We are concerned with getting the best medicine at the same time we are trying to control costs of care. This article gave me pause.
Gruman: How do you see the increased attention to CER affecting the care your constituents will receive in the future?
Perry Cohen: I believe that CER will improve the quality of health care and that better quality care is more cost effective. I think there is a role for patients in here. We have to take responsibility for whether we spend $11 of our own money for a pill not on the formulary or just pay the co-pay for the generic.
Gruman: Some professionals believe that patient groups are opposed to comparative effectiveness research. Do you think this is accurate?
Perry Cohen: I think most patient groups don't really get what CER is. Given this lack of understanding, yes, for many, their fears outweigh their hopes.
Gruman: What do you think the public's opinion is about CER?
Perry Cohen: The public doesn't understand what it is. Further, I think that the public expects that doctors already know which treatments are better ' that's why they are recommending them.
The truth is that evidence is not often unequivocal. For the most part, it is primarily specialists that keep up with all the evidence. Too much of the evidence comes from commercial sources; the standards for quality of the evidence are limited in their applicability; risk-benefit tradeoffs are highly individualized and situational. Informed patients often know as much as physicians about the evidence, and their knowledge comes from different sources'1st hand from daily living with the condition and participation in clinical research.
Gruman: What are your fears and hopes for CER?
Perry Cohen: It would be nice to know if a treatment is totally worthless or that there are truly horrible side effects to a treatment or that a treatment really won't help slow the disease or relieve the symptom it's aimed at.
I've heard experts suggest that one of the barriers to higher quality health care is the gap between knowing and doing.

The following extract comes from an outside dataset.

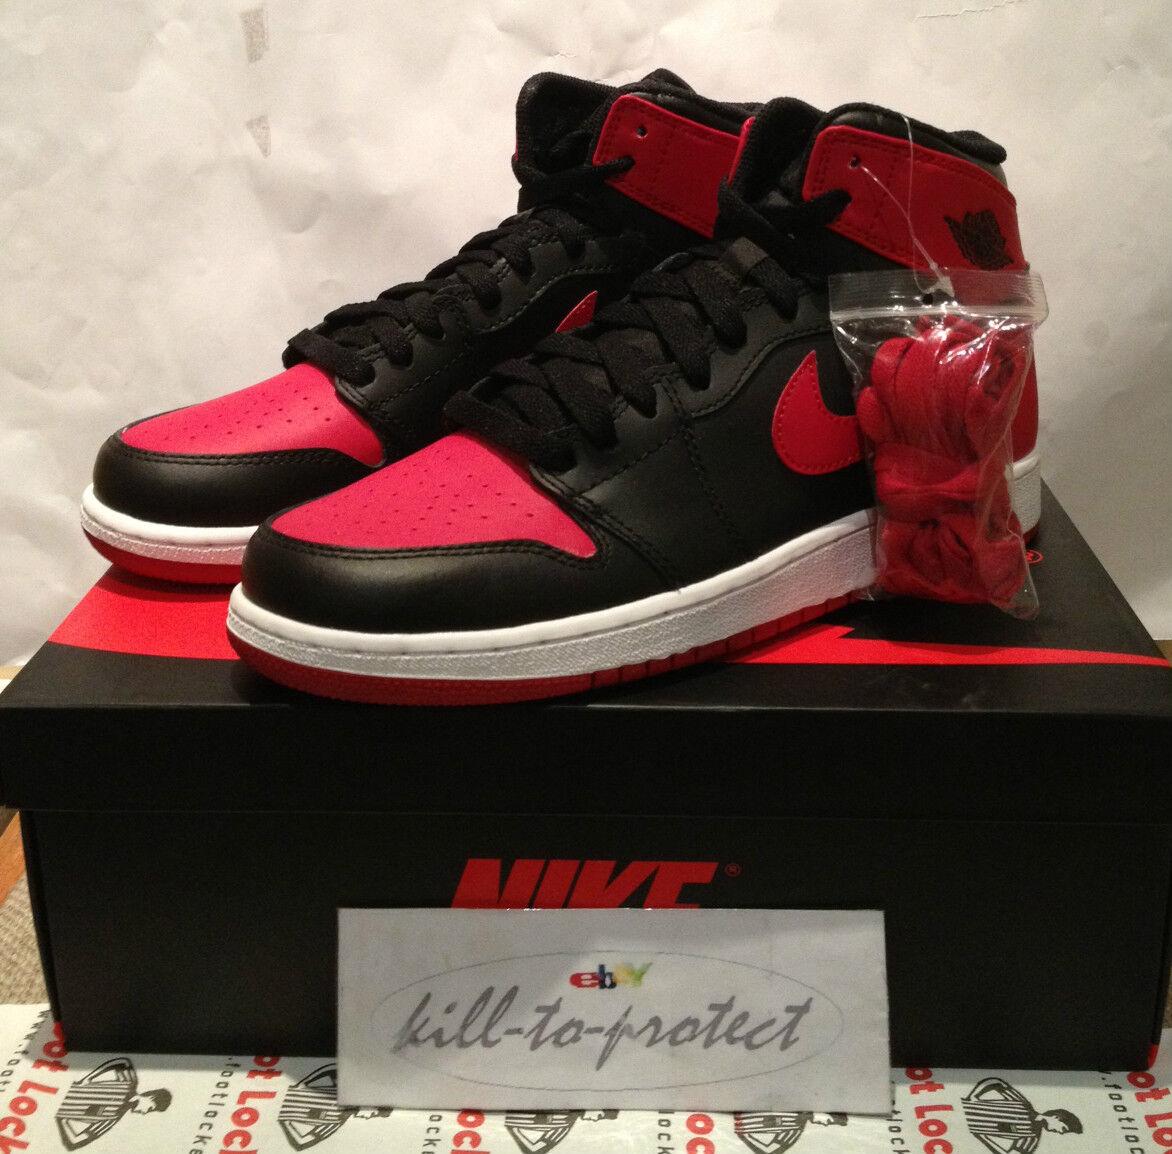 NIKE Air Jordan 1 allevati GS Kids SZ UK osta 4 5 6 7Y Nero Rosso 575441-023 vietato
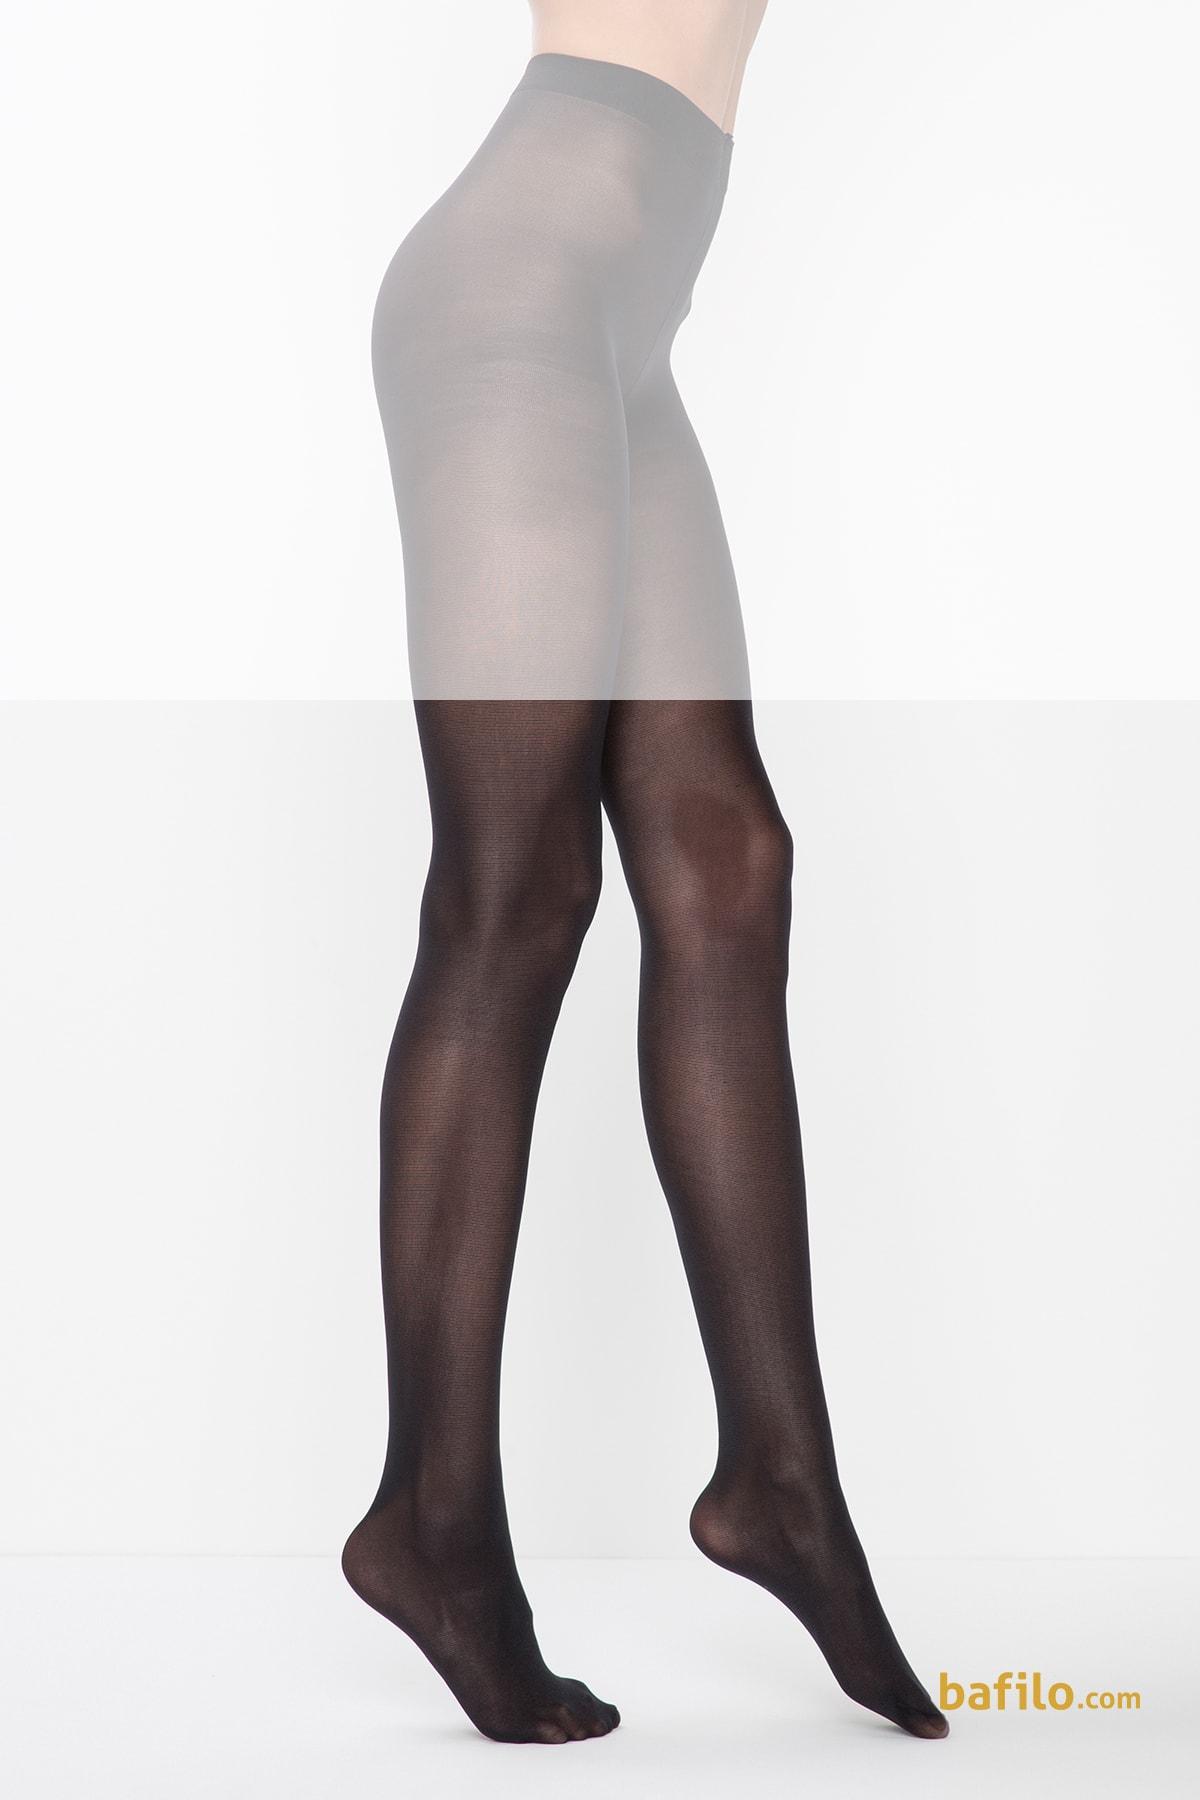 جوراب شلواری زنانه پنتی Mikro 40 مشکی - Thumbnail

I believe that the function of CER is to try to fill in parts of that know-do gap. It is a critical operational component of the rational, efficient health care delivery system that we need.
My fear is that CER will become a heavy handed, green eye shade tool for arbitrary cuts in service, based on equivocal information without regard to individual differences in response to medicine.
My hope is that the same amount of energy and creativity that has gone into advancing biomedical science for better treatments will be devoted to the management of this innovation. Information and communication technology provide new sources of data to capture patient observations, to compile the data from electronic medical records and personal health records and deliver comparative data to the point of service to aid individuals' choices on treatment options.